Establishing Trustworthy LLM Evaluation via Shortcut Neuron Analysis: This paper proposes to locate "shortcut neurons" in contaminated models through comparative analysis and causal analysis, and suppress these neurons via activation patching to achieve more trustworthy LLM evaluation, achieving a Spearman correlation coefficient of over 0.95 with MixEval.
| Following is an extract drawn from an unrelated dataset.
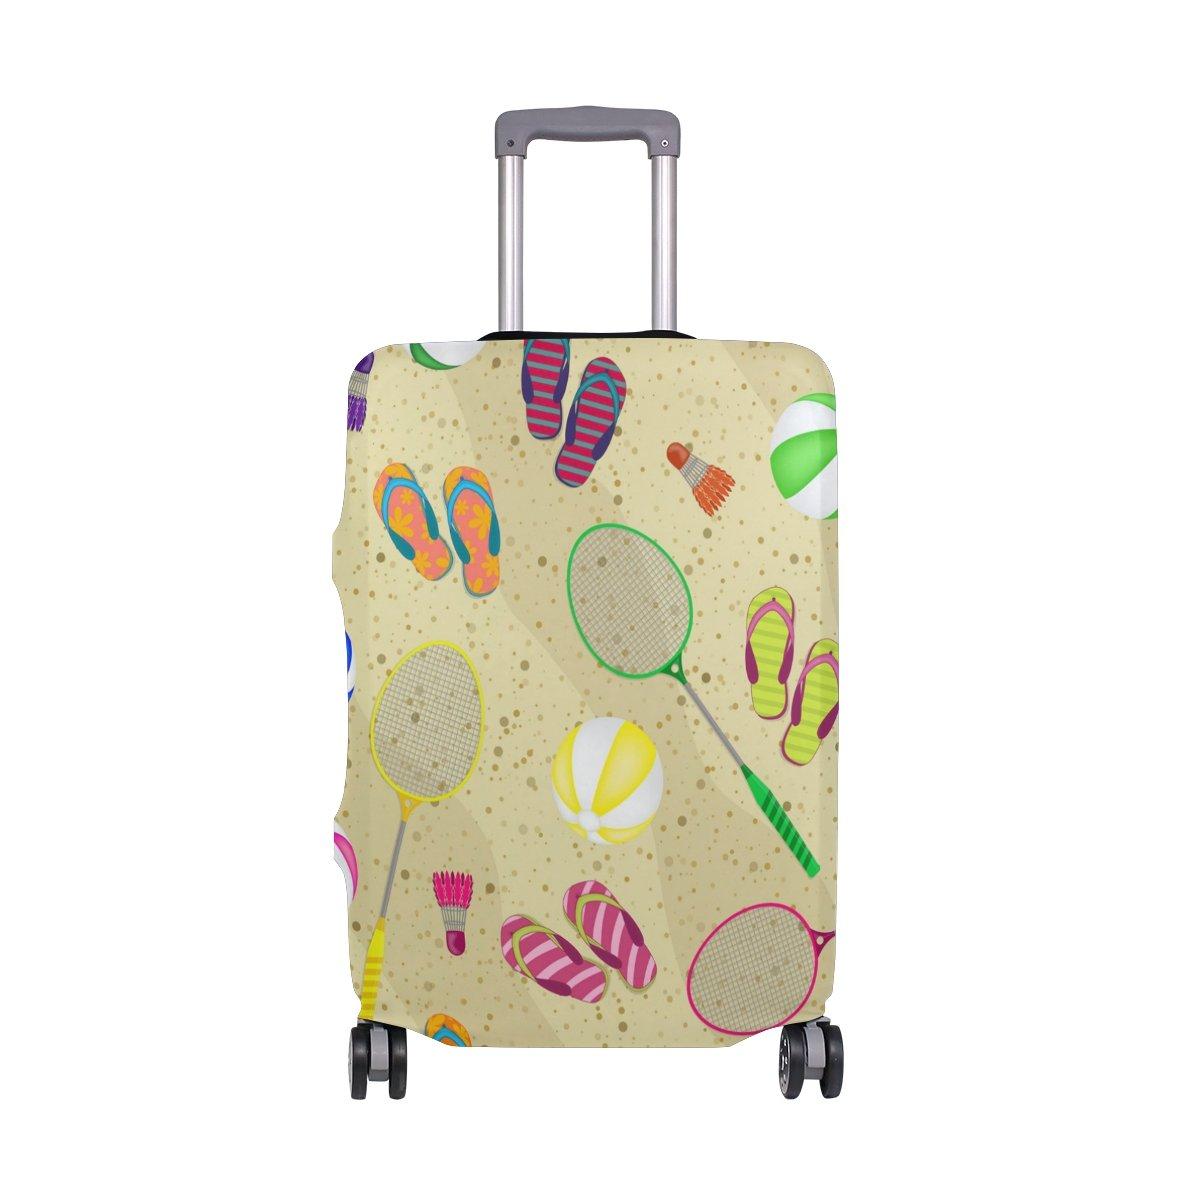 Hello Summer Beach Balls Badminton Suitcase Luggage Cover Protector for Travel Kids Men Women

The Anatomy of Evidence: An Investigation Into Explainable ICD Coding: This paper conducts an in-depth, application-oriented analysis of the MDACE dataset and current explainable ICD coding systems, revealing the overlap patterns between human-annotated evidence and code descriptions, the distributional characteristics of evidence within documents, and proposes new matching metrics to evaluate the utility of model explanations.
The Knowledge Microscope: Features as Better Analytical Lenses than Neurons: This paper systematically validates through experiments that features decomposed by SAEs (Sparse Autoencoders) comprehensively outperform traditional neurons as analytical units in three dimensions: knowledge representation influence, interpretability, and monosemanticity. It proposes FeatureEdit, the first feature-based model editing method, which significantly outperforms neuron-based methods in private knowledge erasing tasks.
Towards Explainable Temporal Reasoning in Large Language Models: A Structure-Aware Generative Framework: Proposes the GETER framework, which injects temporal knowledge graph structural information into LLMs via a lightweight Structure-Text Adapter, enabling the model to deliver both accurate predictions and explainable reasoning explanations in temporal reasoning tasks.